Given material
╔══

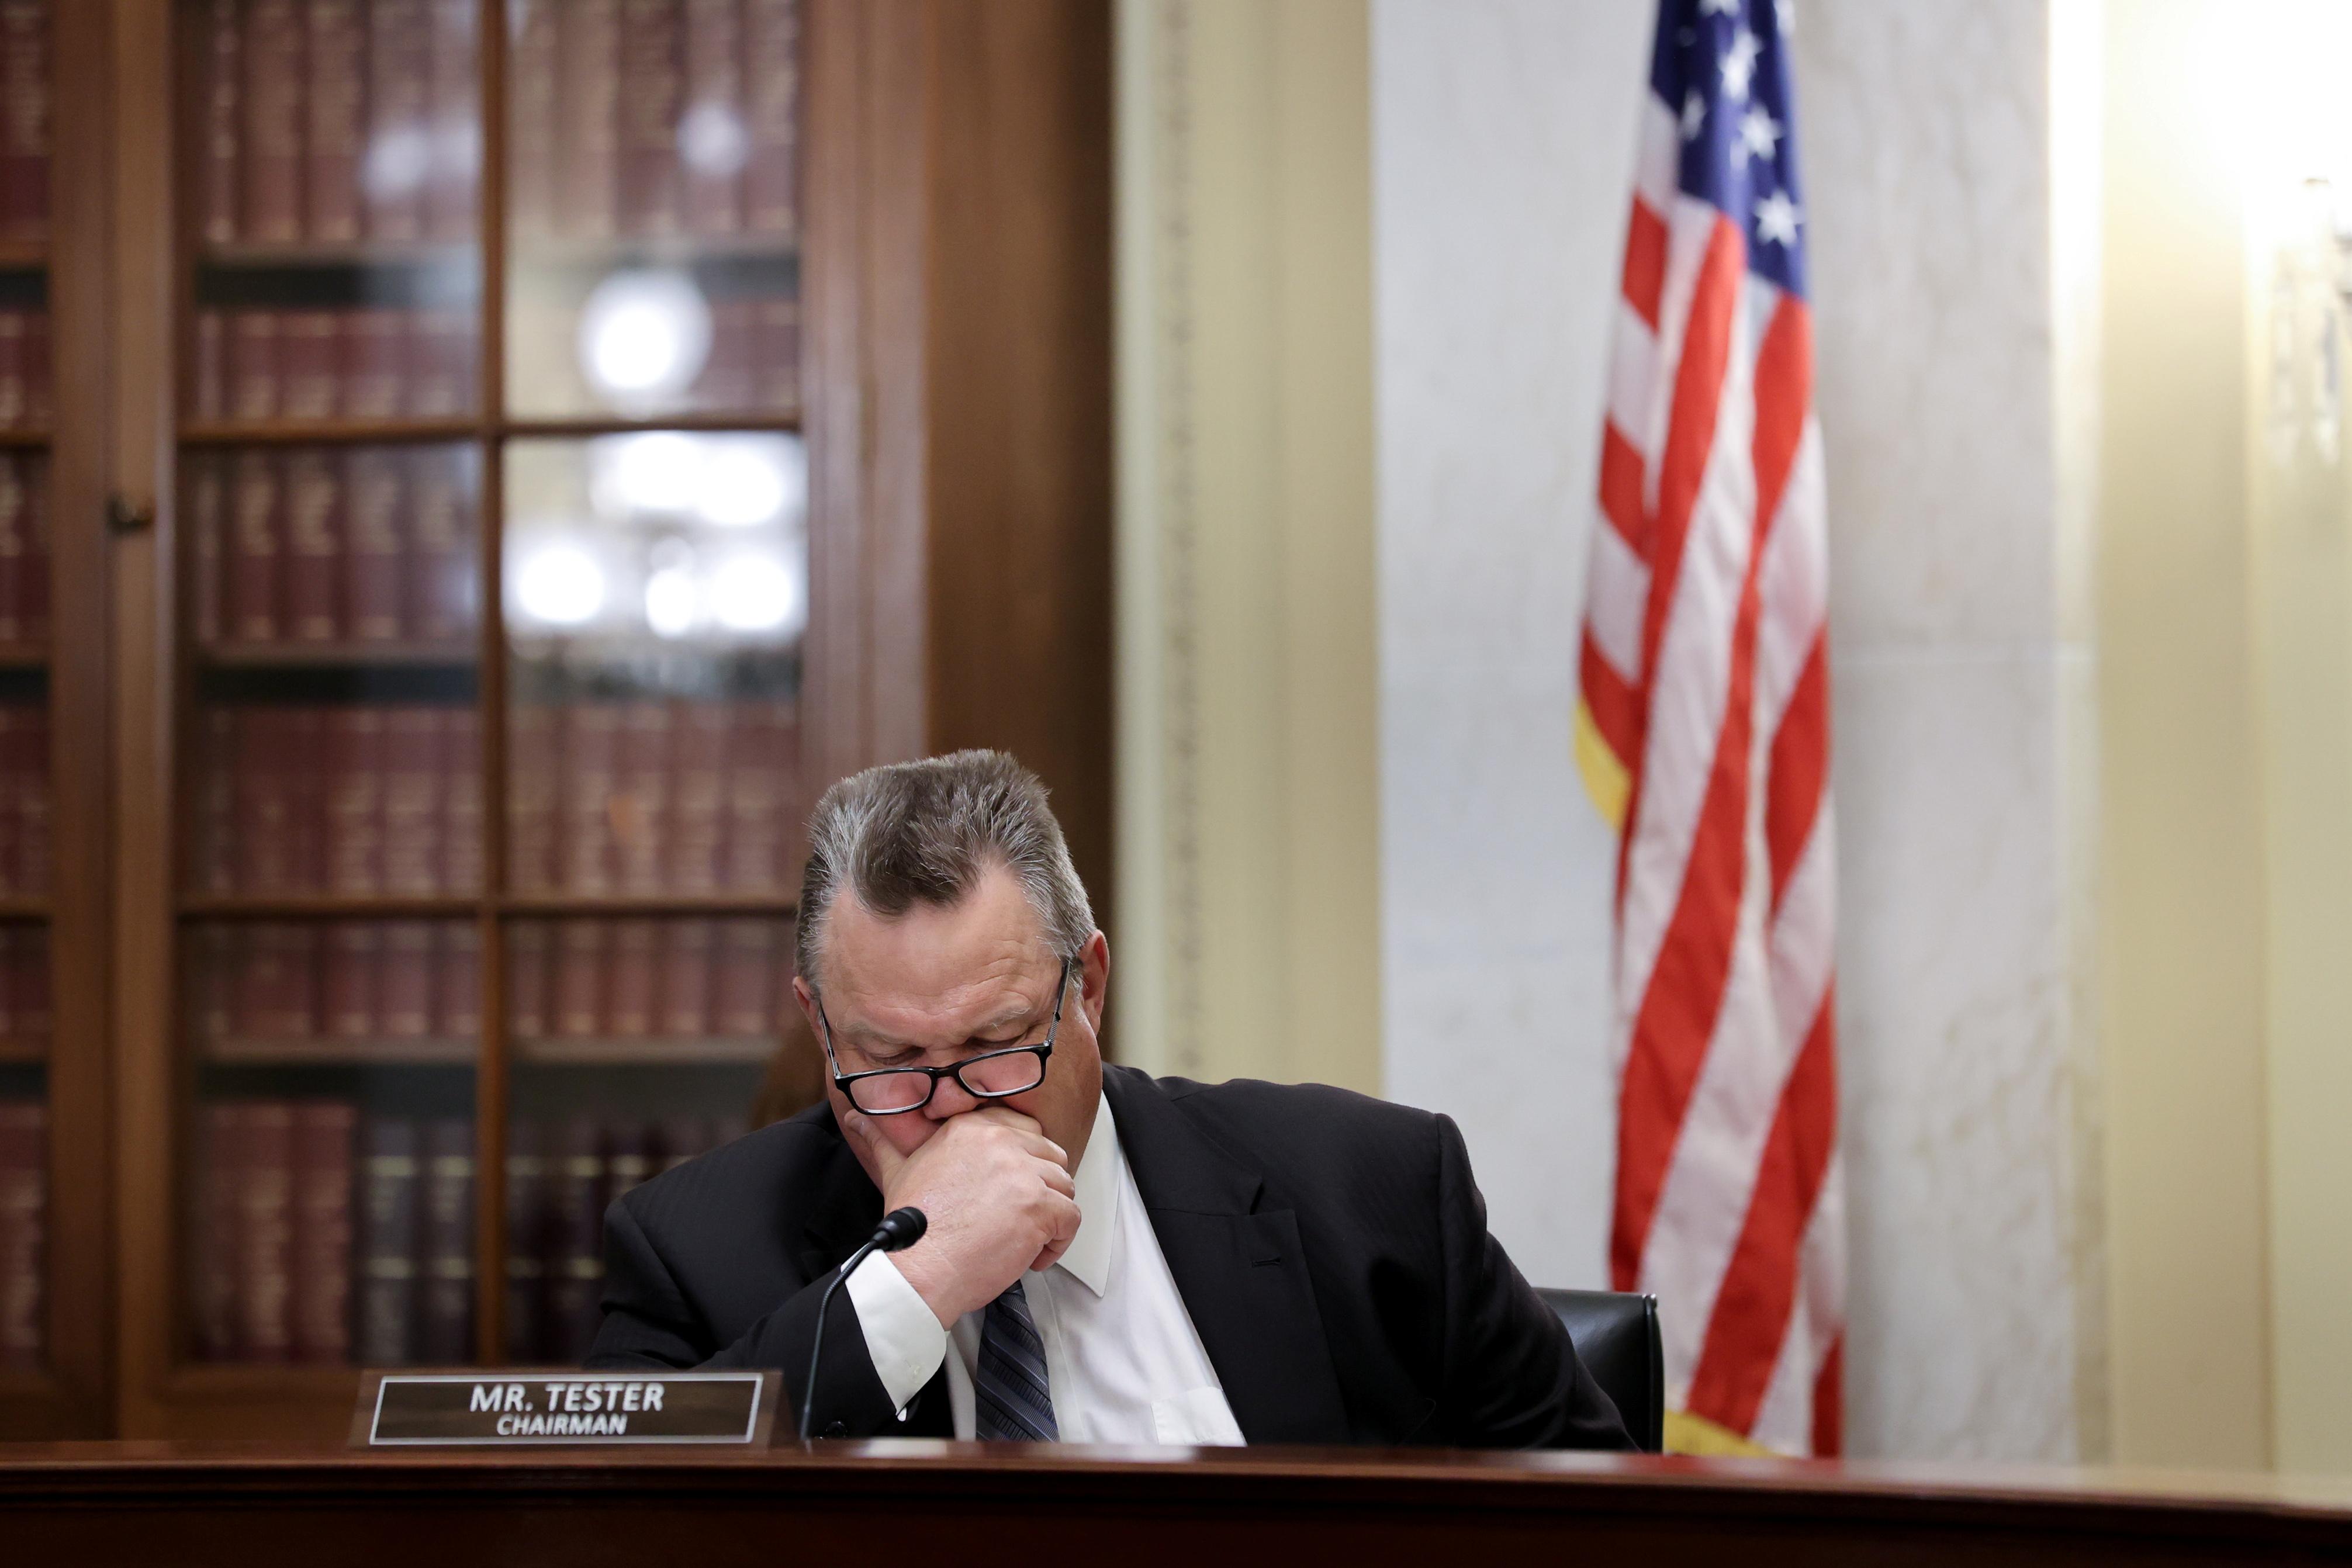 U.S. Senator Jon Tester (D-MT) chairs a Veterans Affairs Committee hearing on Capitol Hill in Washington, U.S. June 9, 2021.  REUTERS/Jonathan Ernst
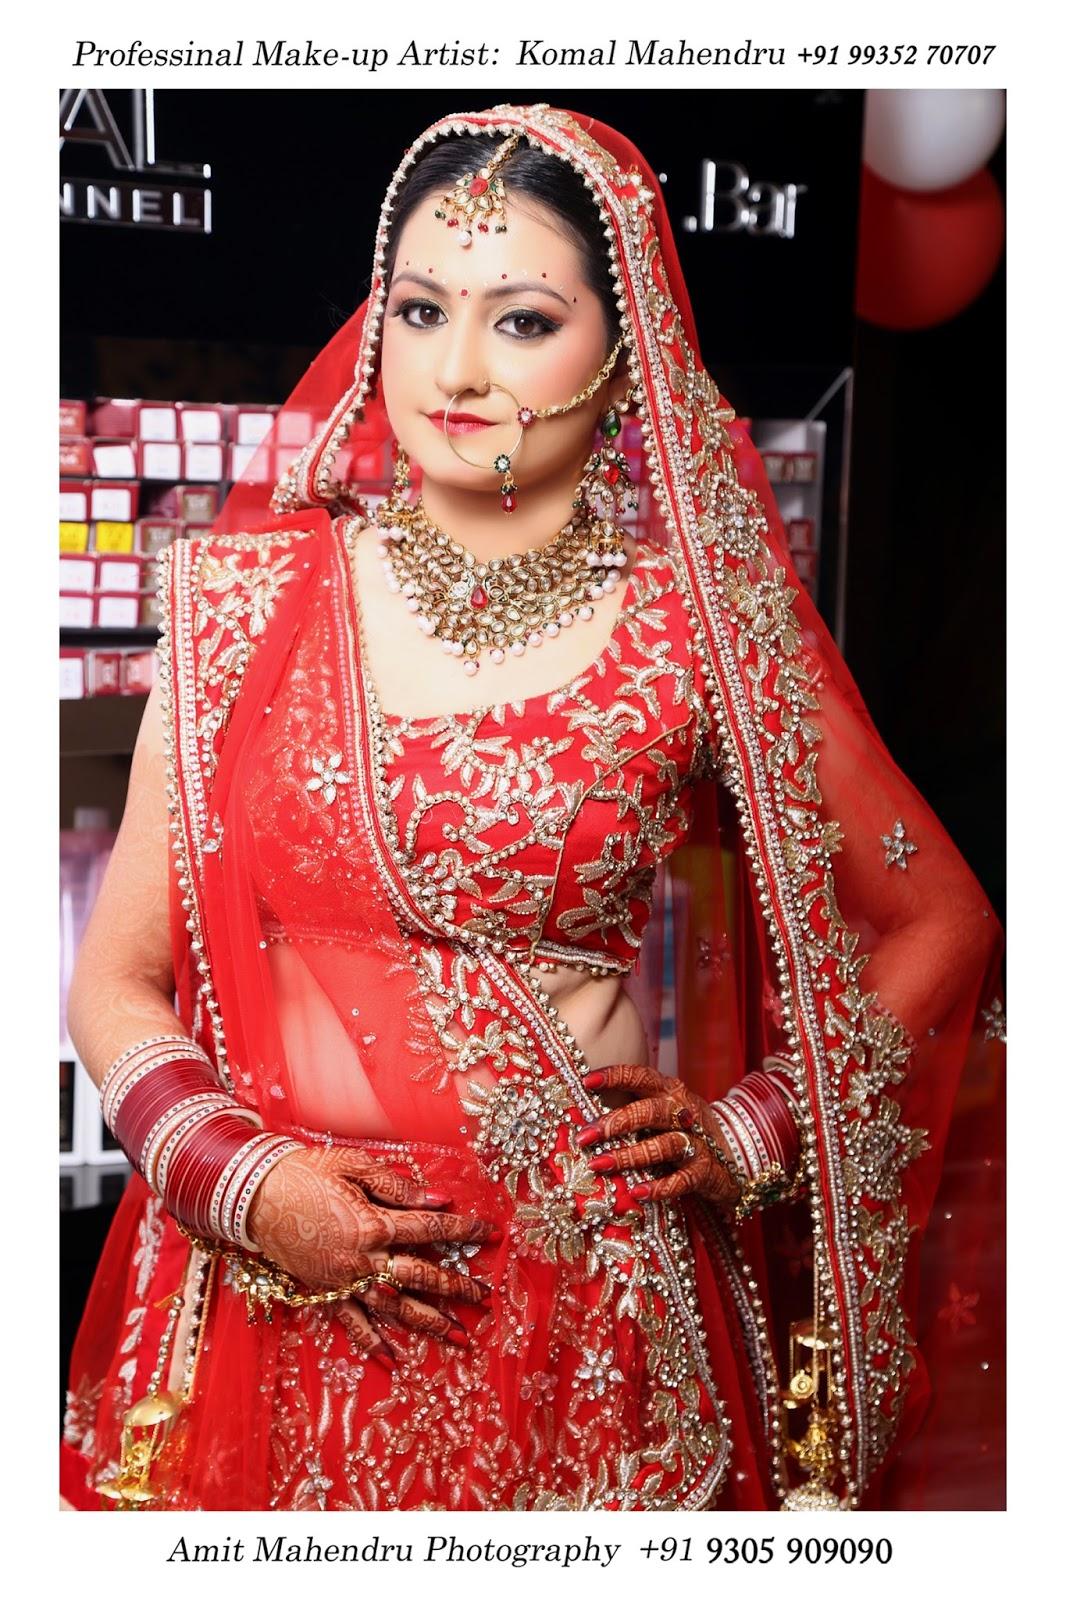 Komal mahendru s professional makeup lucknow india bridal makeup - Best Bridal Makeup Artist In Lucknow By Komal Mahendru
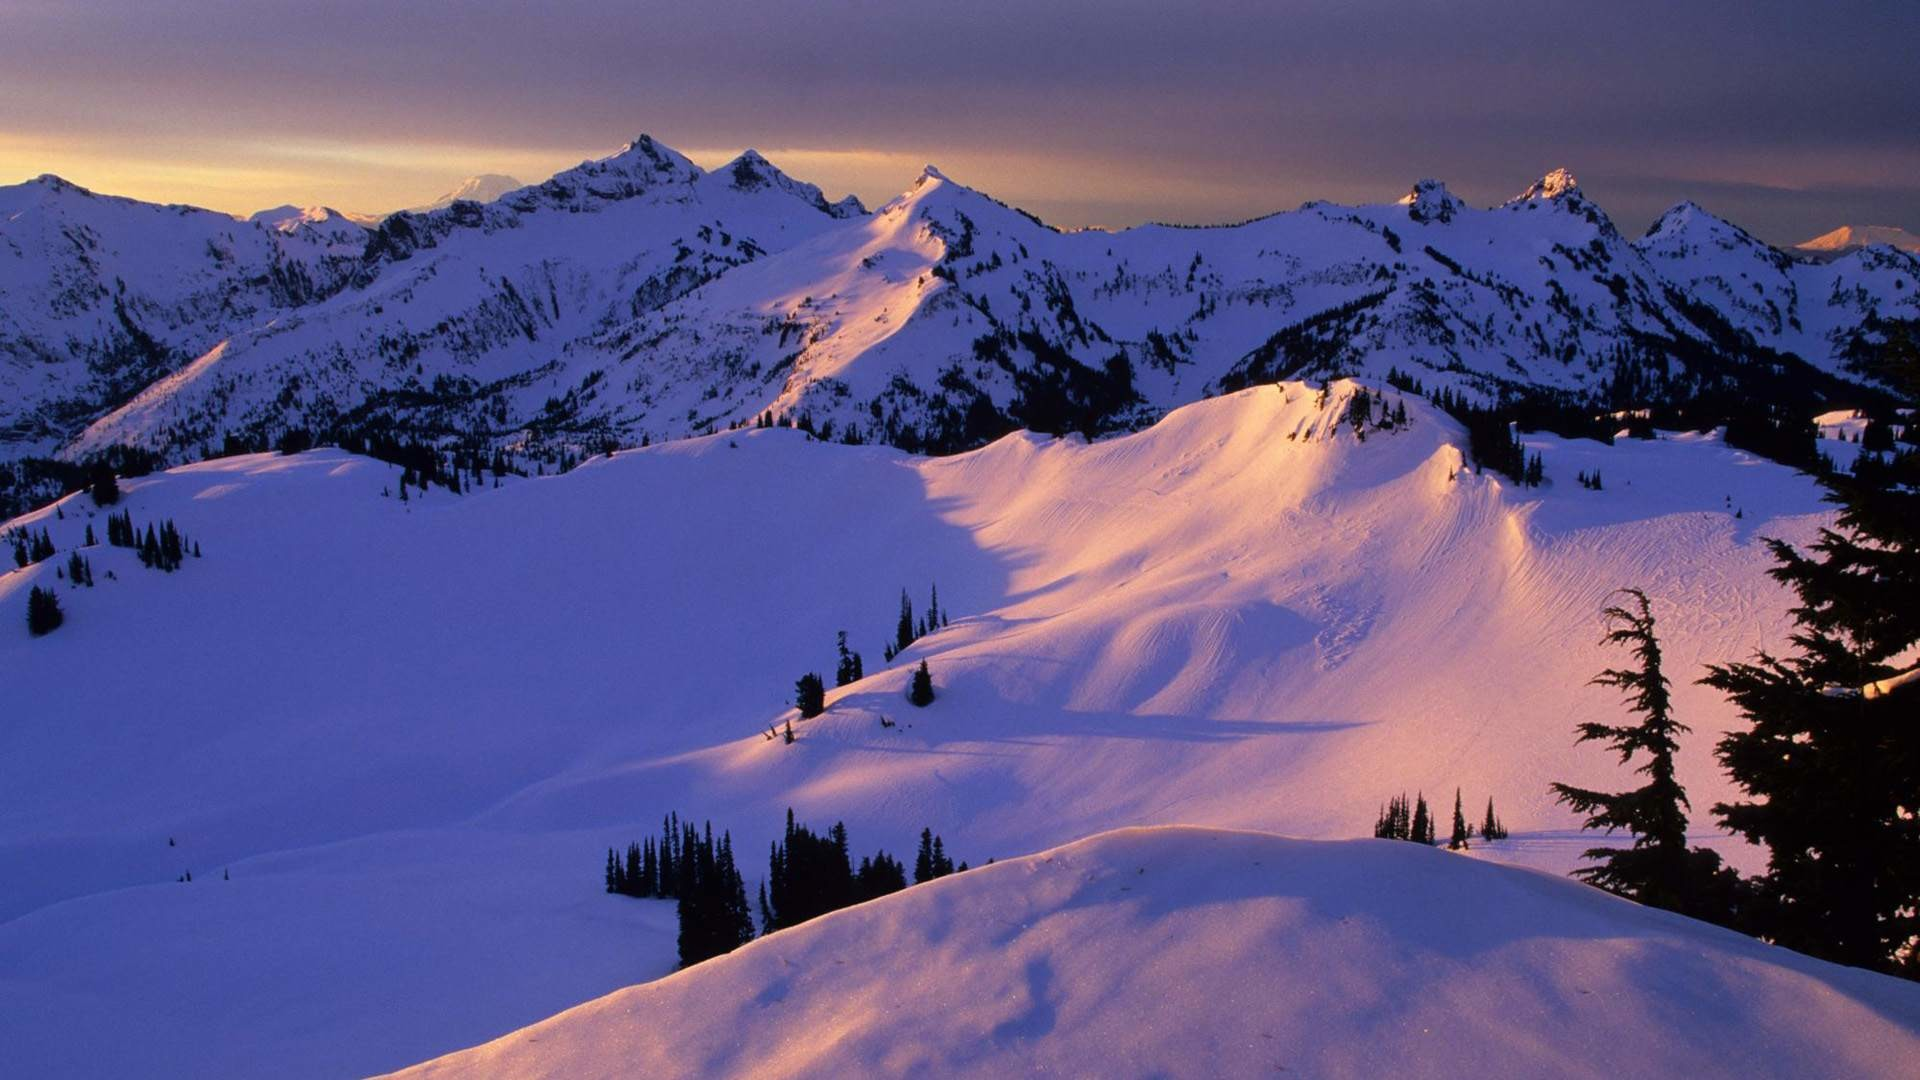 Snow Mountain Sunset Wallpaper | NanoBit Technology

╚══

Retype each line above precisely, please. Skip anything that is a picture.

 U.S. Senator Jon Tester (D-MT) chairs a Veterans Affairs Committee hearing on Capitol Hill in Washington, U.S. June 9, 2021.  REUTERS/Jonathan Ernst
 Komal mahendru s professional makeup lucknow india bridal makeup - Best Bridal Makeup Artist In Lucknow By Komal Mahendru
 Snow Mountain Sunset Wallpaper | NanoBit Technology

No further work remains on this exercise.